(Provided material begins)

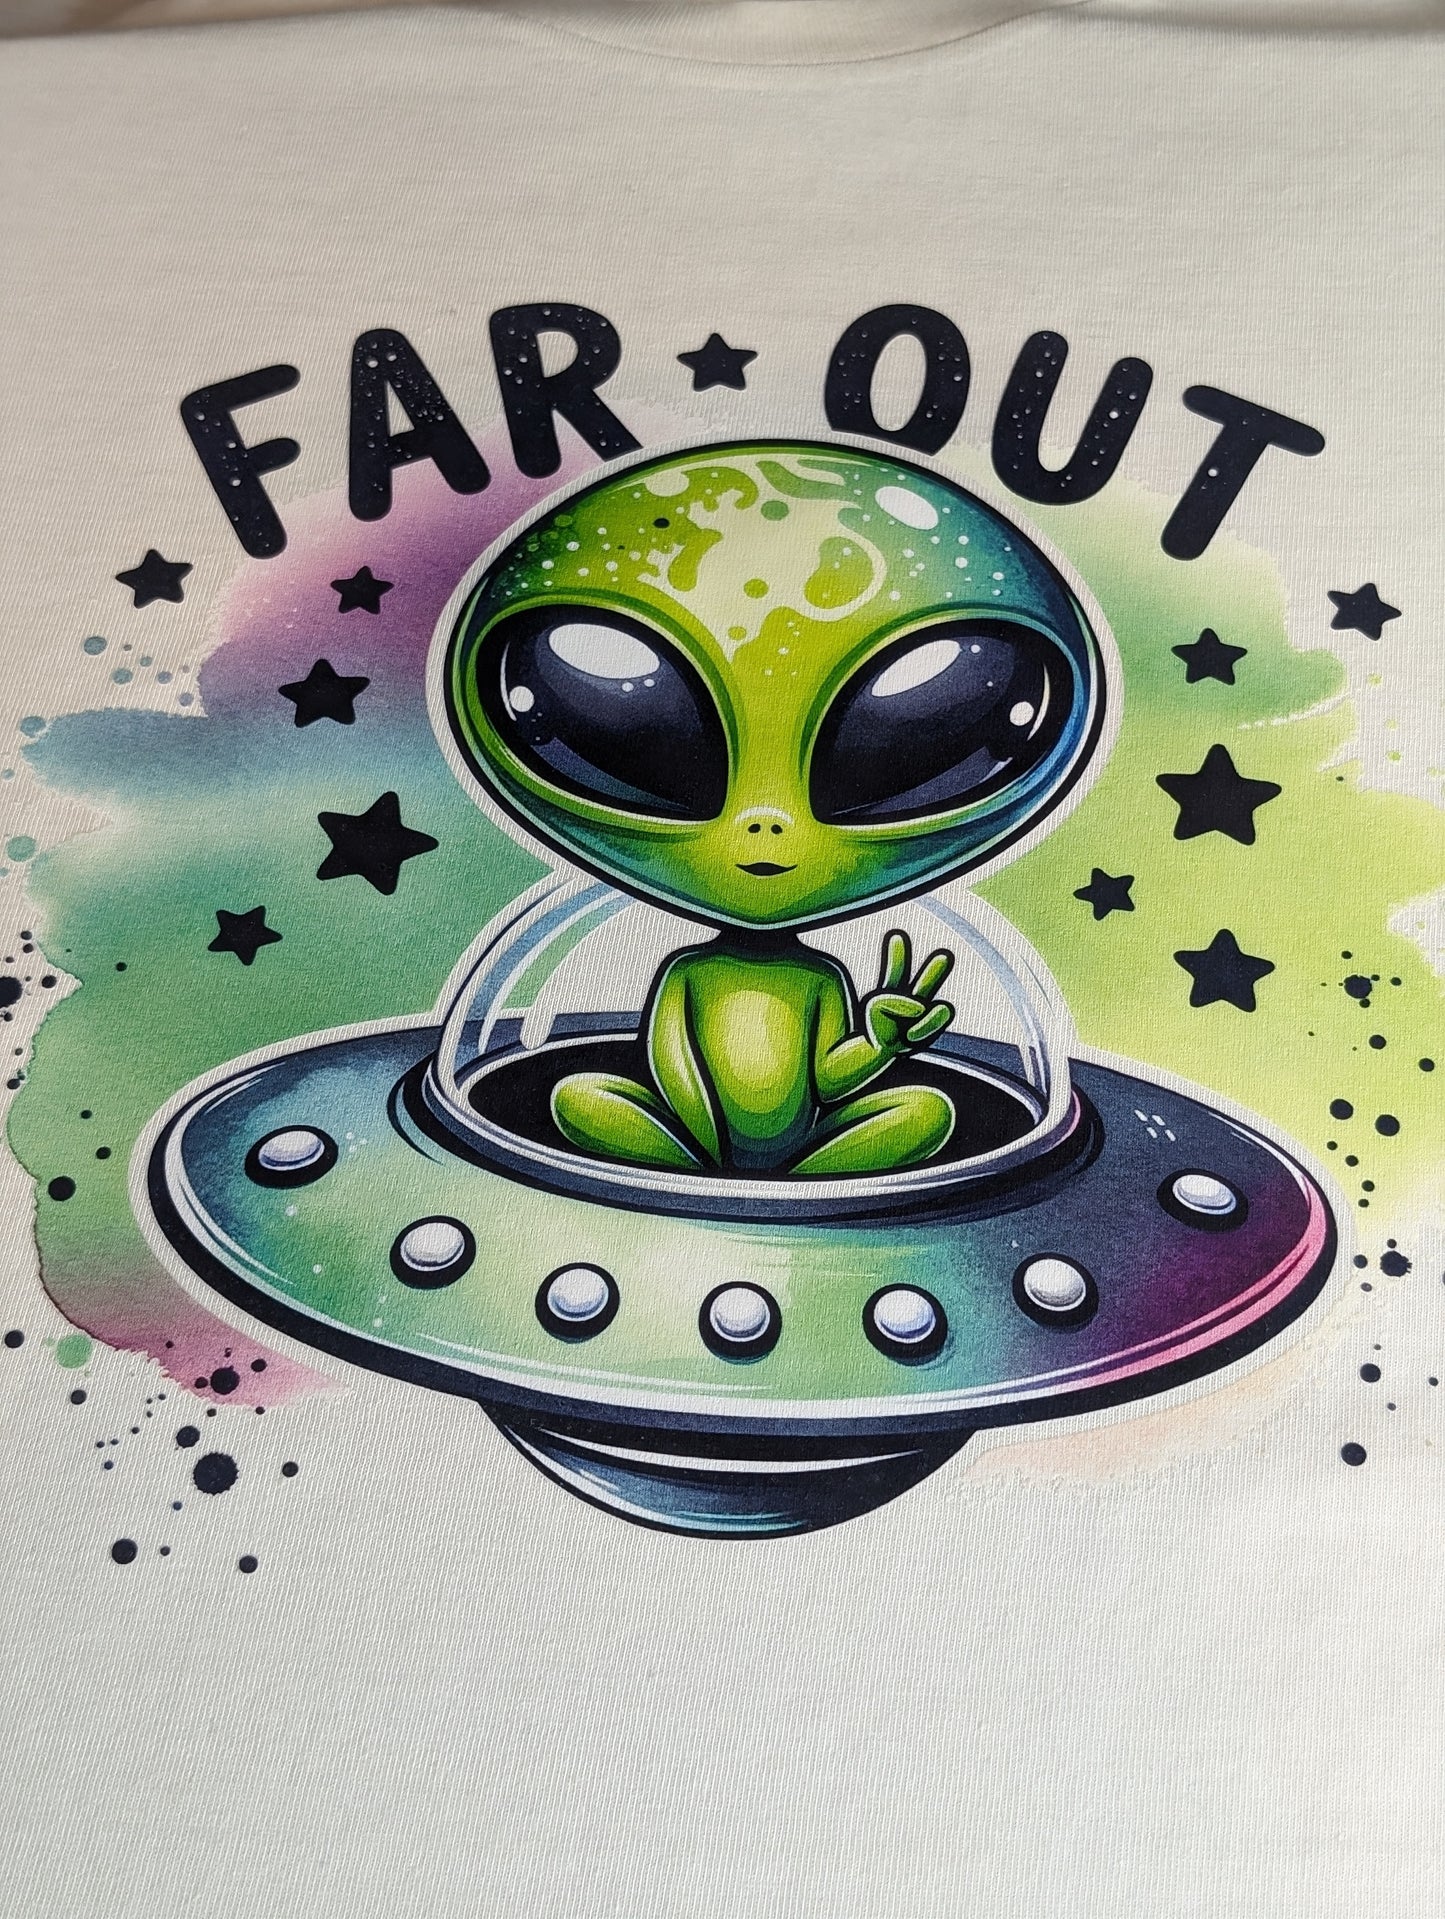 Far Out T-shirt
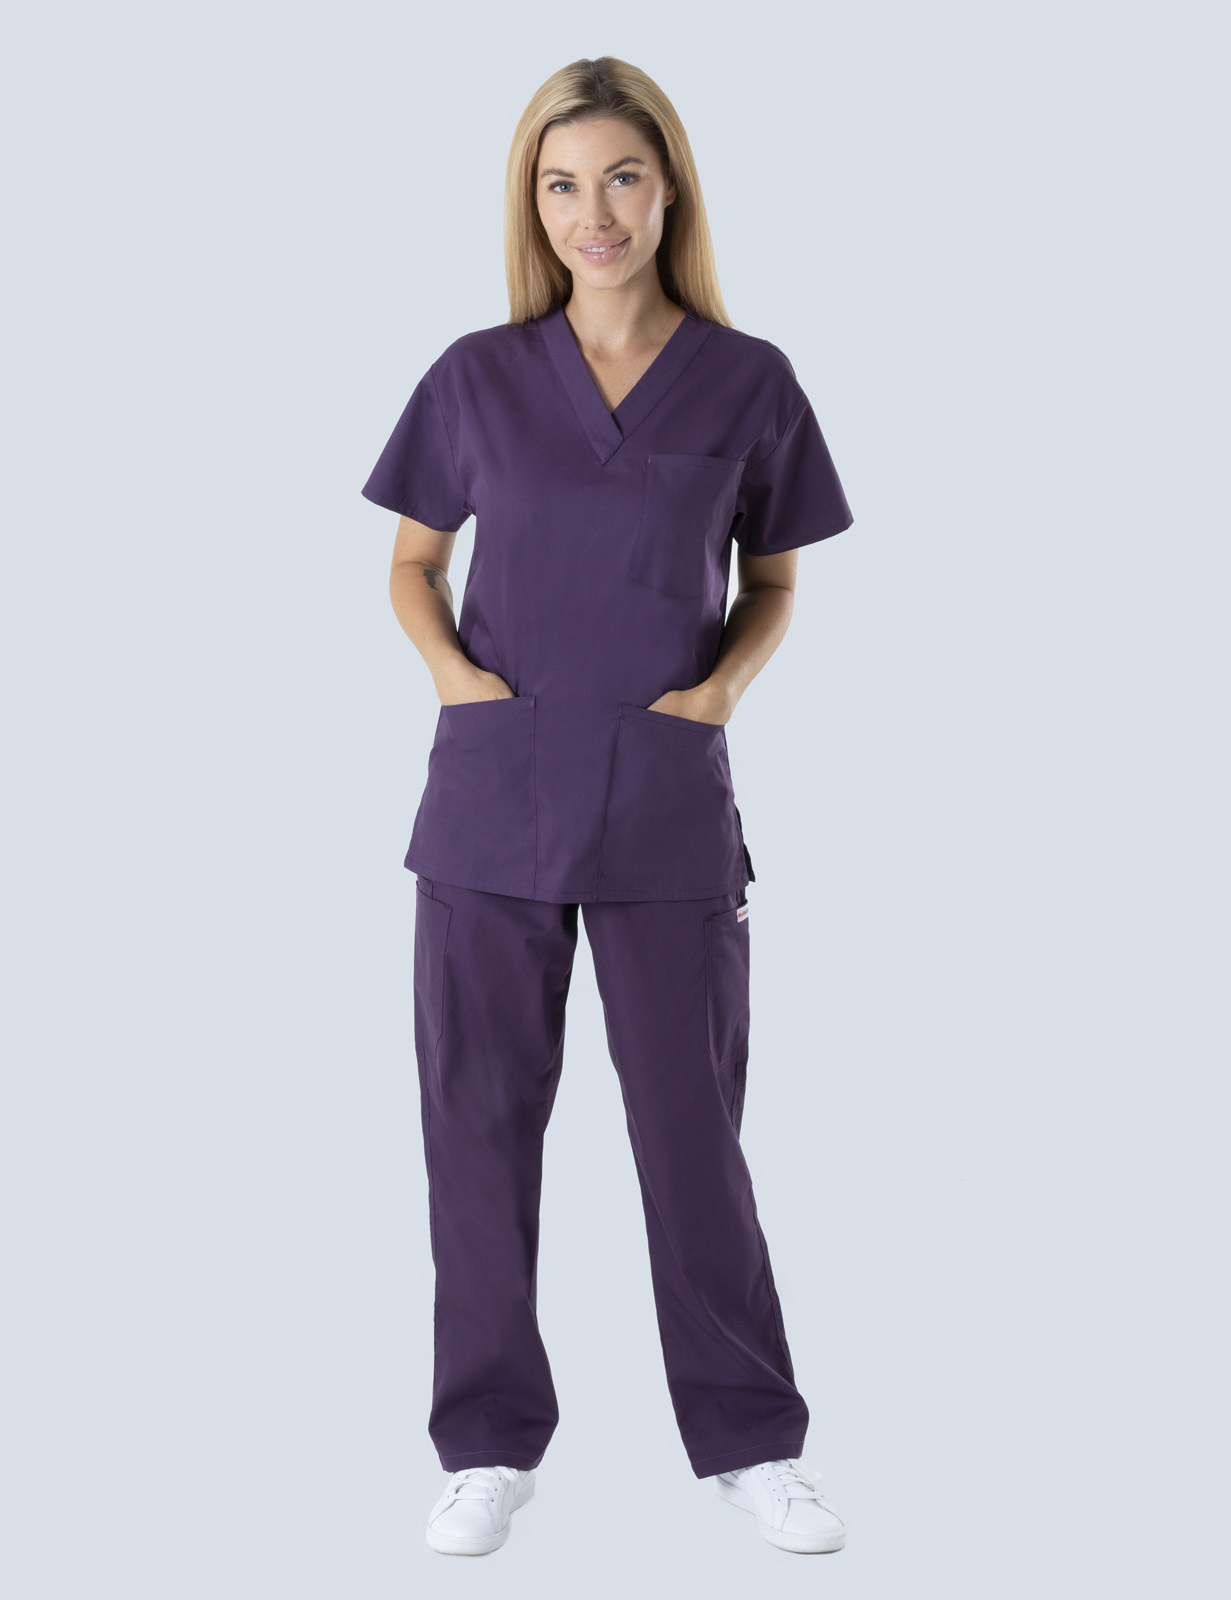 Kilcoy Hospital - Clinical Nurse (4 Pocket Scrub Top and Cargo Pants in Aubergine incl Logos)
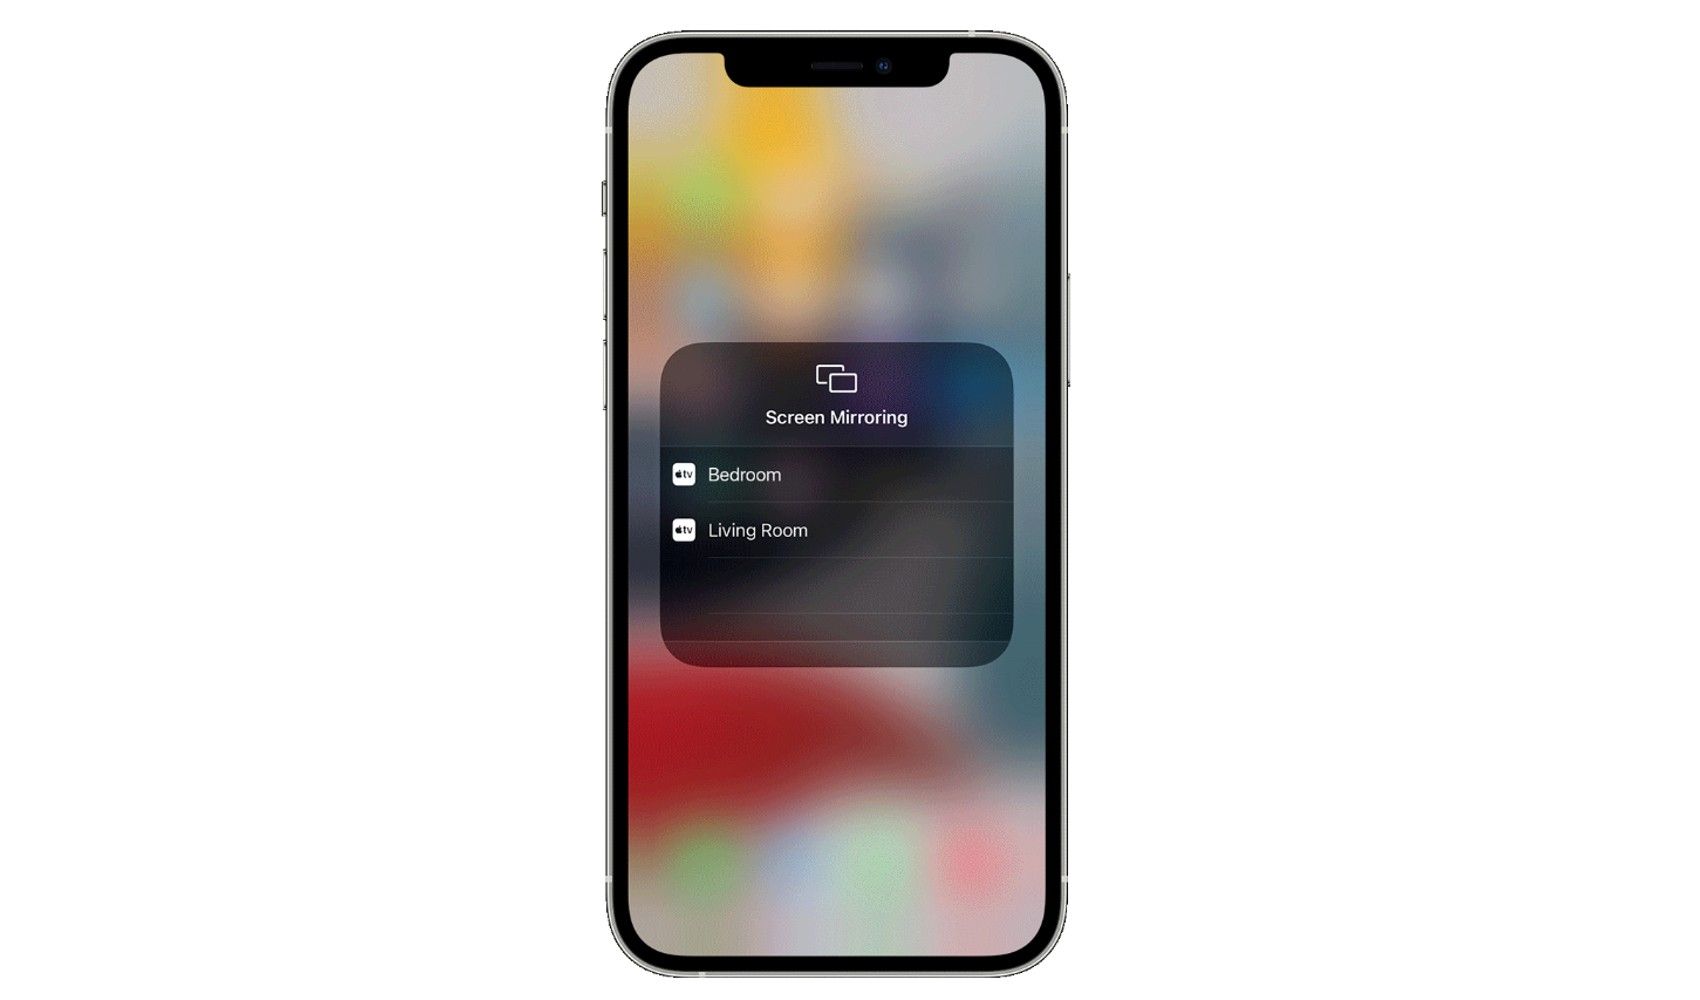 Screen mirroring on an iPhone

(Provided material ends)

**What to work on**
Set the pictures aside and transcribe the data above exactly.

**Task solution**
 Far Out T-shirt
 Kilcoy Hospital - Clinical Nurse (4 Pocket Scrub Top and Cargo Pants in Aubergine incl Logos)
 Screen mirroring on an iPhone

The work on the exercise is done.